As that internal monologue likely hints, the adjective 'fighter' was not one to which I aspired. I'd fight if I had to---once in junior high, I was provoked into a brief skirmish that ended with my opponent seeking a premature truce (which I granted)---but I preferred to avoid physical conflict. Be that cowardice or wisdom, I do not care---it's a methodology that had heretofore served me well. In that car, I was filling my head with images of broken noses and bloodied lips, police cruisers and calls to Mom. I ached for camaraderie in my concern, for someone to join me in saying, "What the hell are we doing?" Was this feeling unique to me, or was it everyone's big unspoken, a primitive community ritual that we dared not defy? I turned to my friend Jim sitting next to me and quietly said, "I'm nervous." My eyes made the words italicized.

Jim gave a small shake of his head and replied quietly, "Let's see what happens." Good advice, as I had been constructing my scenarios with an army of fictions, a West Side Story redux, a reenactment of the knife-fight seen in Michael Jackson's then current "Beat it" video (of course, the appropriate law enforcement for that video battle would come from the fashion police.) But these WERE fictions---and since any scenario I imagined would almost certainly be inaccurate, it was foolish to be preemptively responding to the violence of my imagination. *

When we arrived at the Brewer McDonalds, there were no signs of a battle. In fact, the scene more closely resembled a junior high school dance than any imagined rumble: Bangor guys standing around their cars on the left side of the parking lot, Brewer guys on the right, no initiatives to cross the no man's land between. Occasionally, a voice might toss a loud remark across the pavement, but no one ever claimed ownership, so the only retribution was a reciprocated epithet volleyed back, often delayed while the thrower waited for families in Chevy Malibus and Dodge Aries Ks to pass between the supposedly warring factions. Eventually the police came, more likely for food than for crowd control, and they easily encouraged everyone to head home. We went back to Joe's, where I heard a dozen voices brag about what they WOULD have done if the cops hadn't shown up. (How different the world would be if everything that might have happened when folks recount an event actually had happened---this night and every night.)

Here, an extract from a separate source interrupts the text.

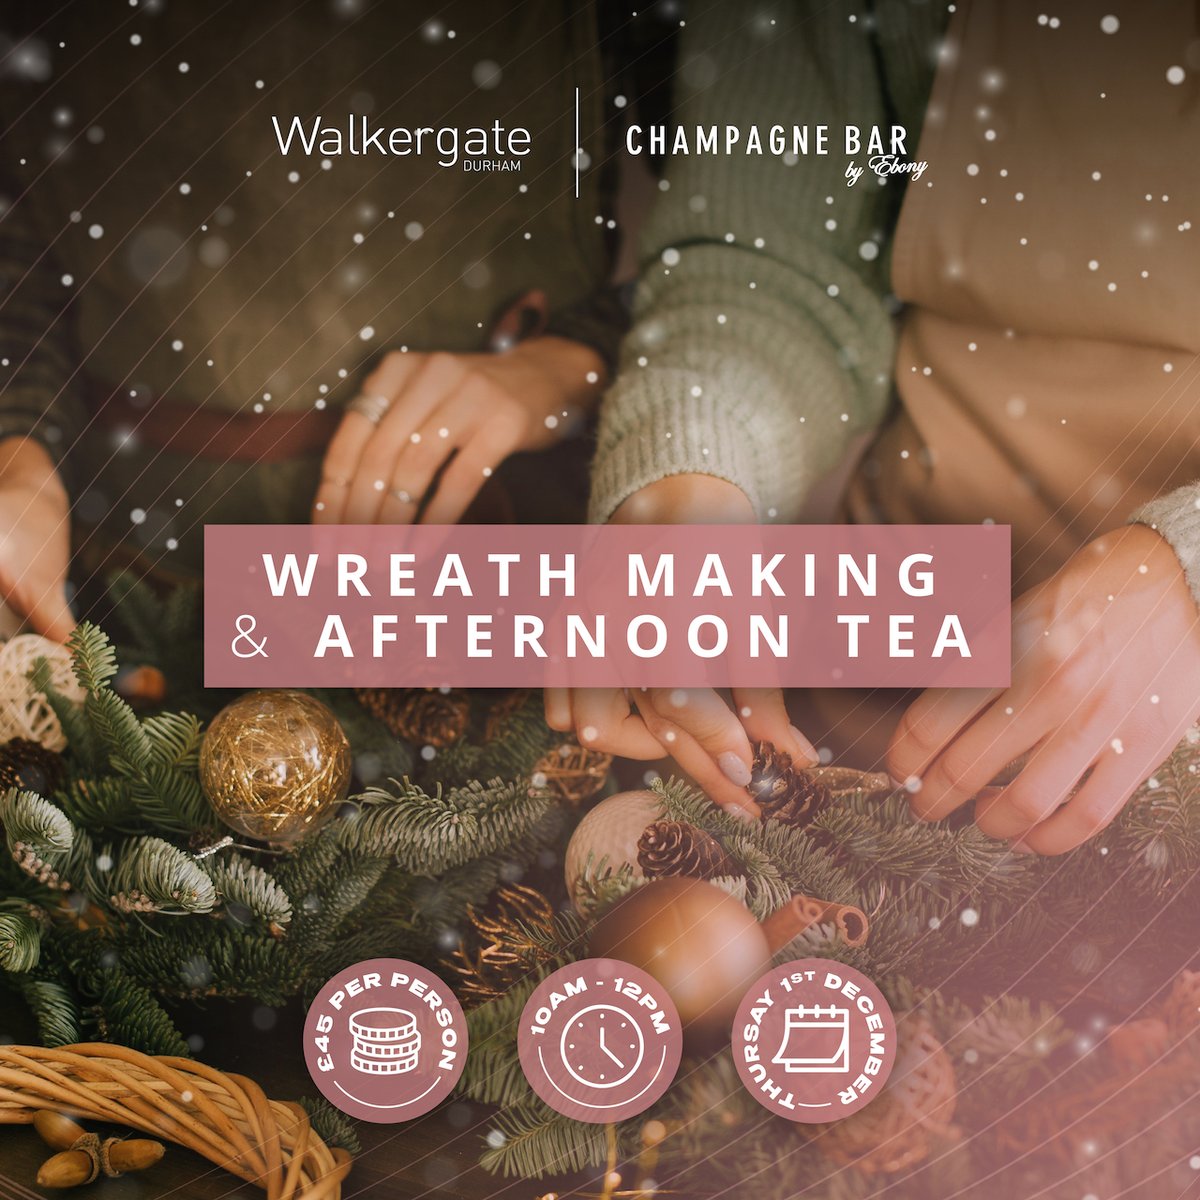 This December, visit @EnjoyWalkergate and inspire your #creativity with a luxury wreath-making workshop, followed by afternoon tea at @EbonyChampagne_! 🌿🎅🏻🥂 👉🏻 bit.ly/WreathMaking_a… #Durham #CountyDurham
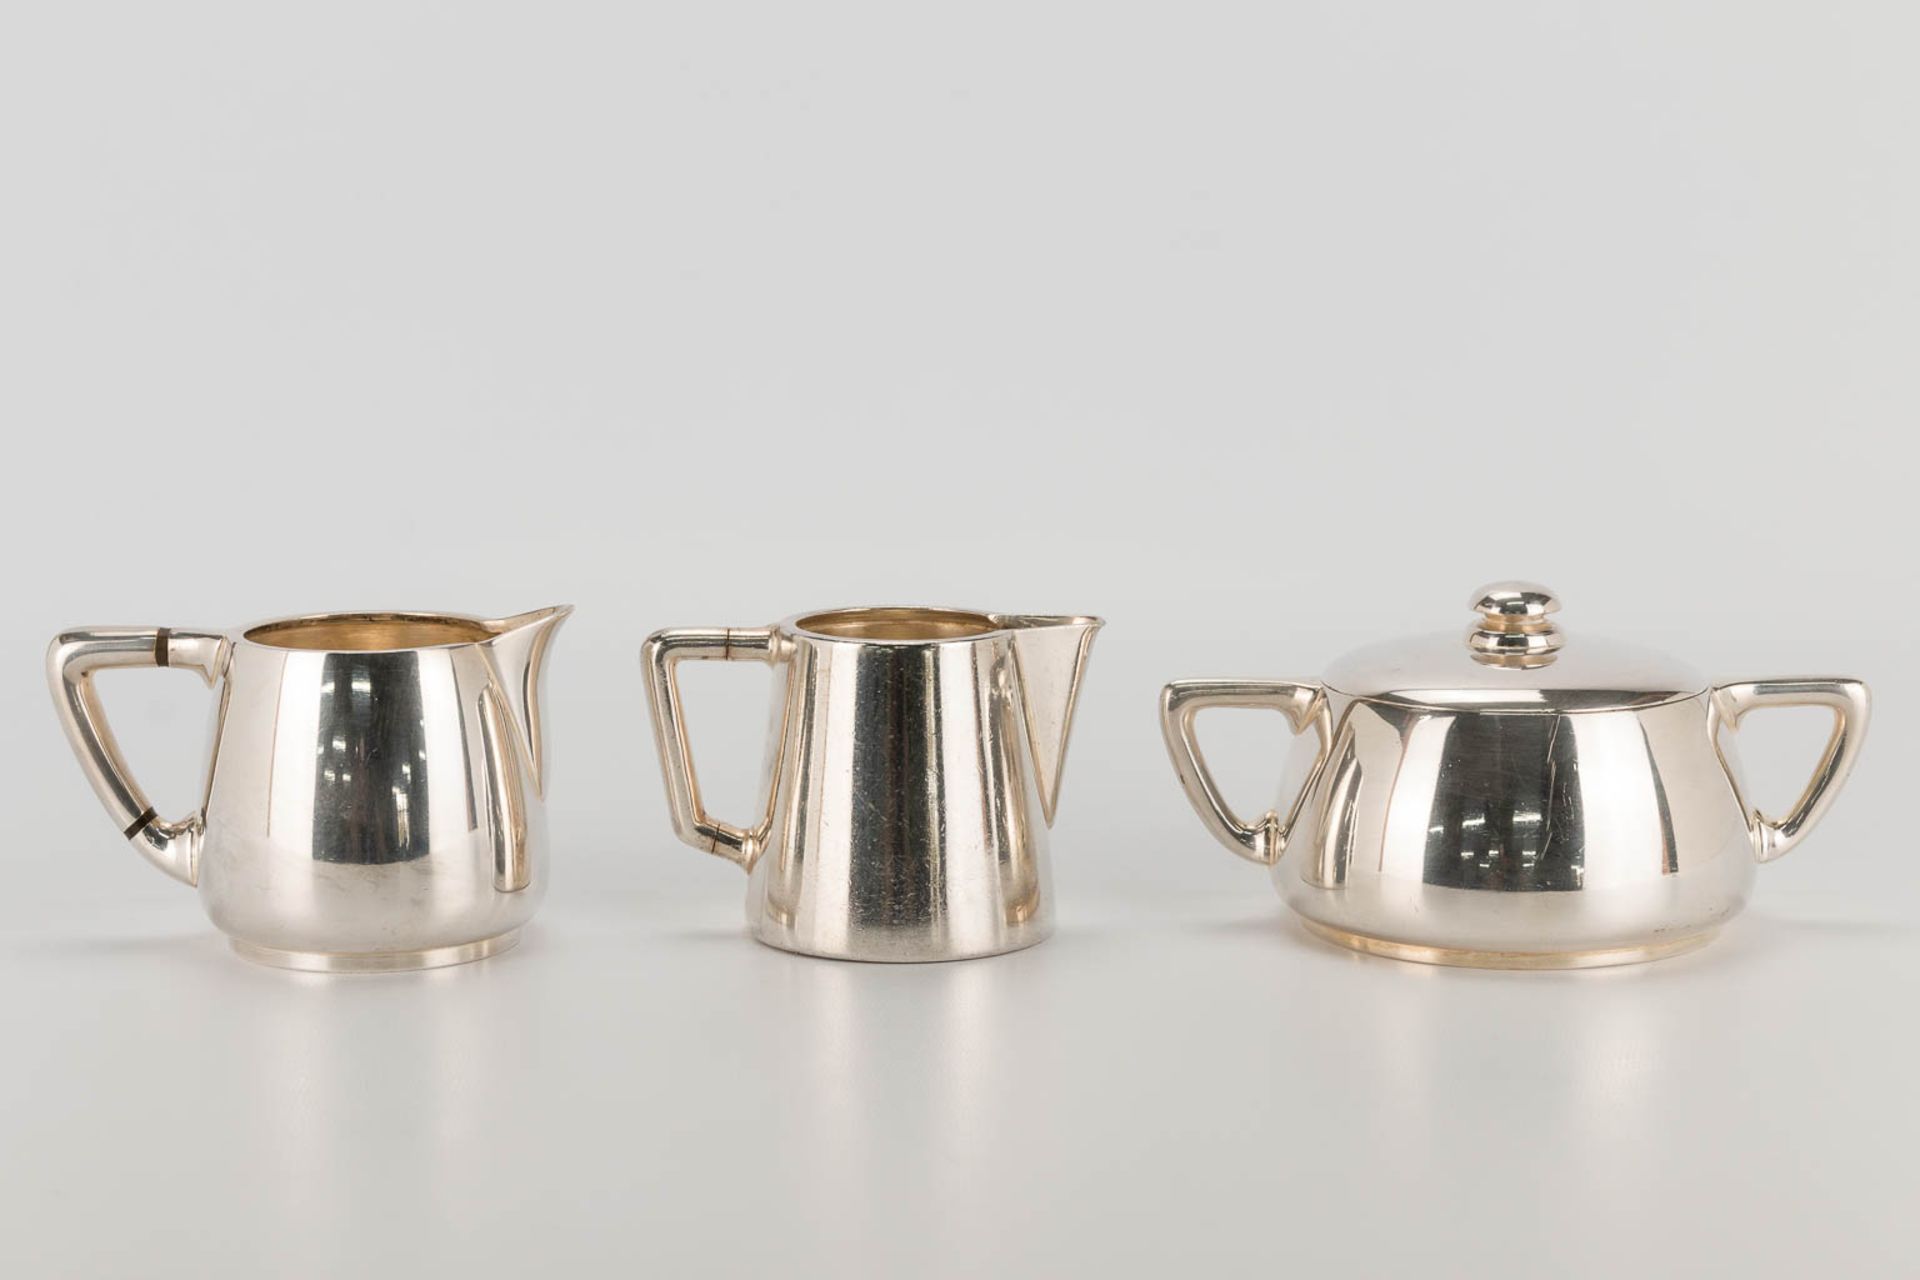 A collection of 4 silver-plated items a champagne bucket, teapot, sugar pot and milk jug made by and - Bild 5 aus 19

Ironically, as nervous as I was in the car, I still earned minor props for simply making the journey, for being ready to answer the call, even though that call never came. I was greeted as one of the conquering heroes returning home after the battle---though sadly, one of too many to leverage this status for gain with the junior class starlets. They were busy being regaled by the boisterous fools who somehow equated not losing a fight as being the same thing as winning a fight. I just sipped on my flat, watery drink, nodded along to the enthusiastic celebrants intent on injecting drama into their memory of the non-event, and wondered how many among us silently shared a sensation of relief.

©2006 wpreagan

* "Let's see what happens"---Among the most essential bits of advice I have retained. Apply it generously to everything for a happier life.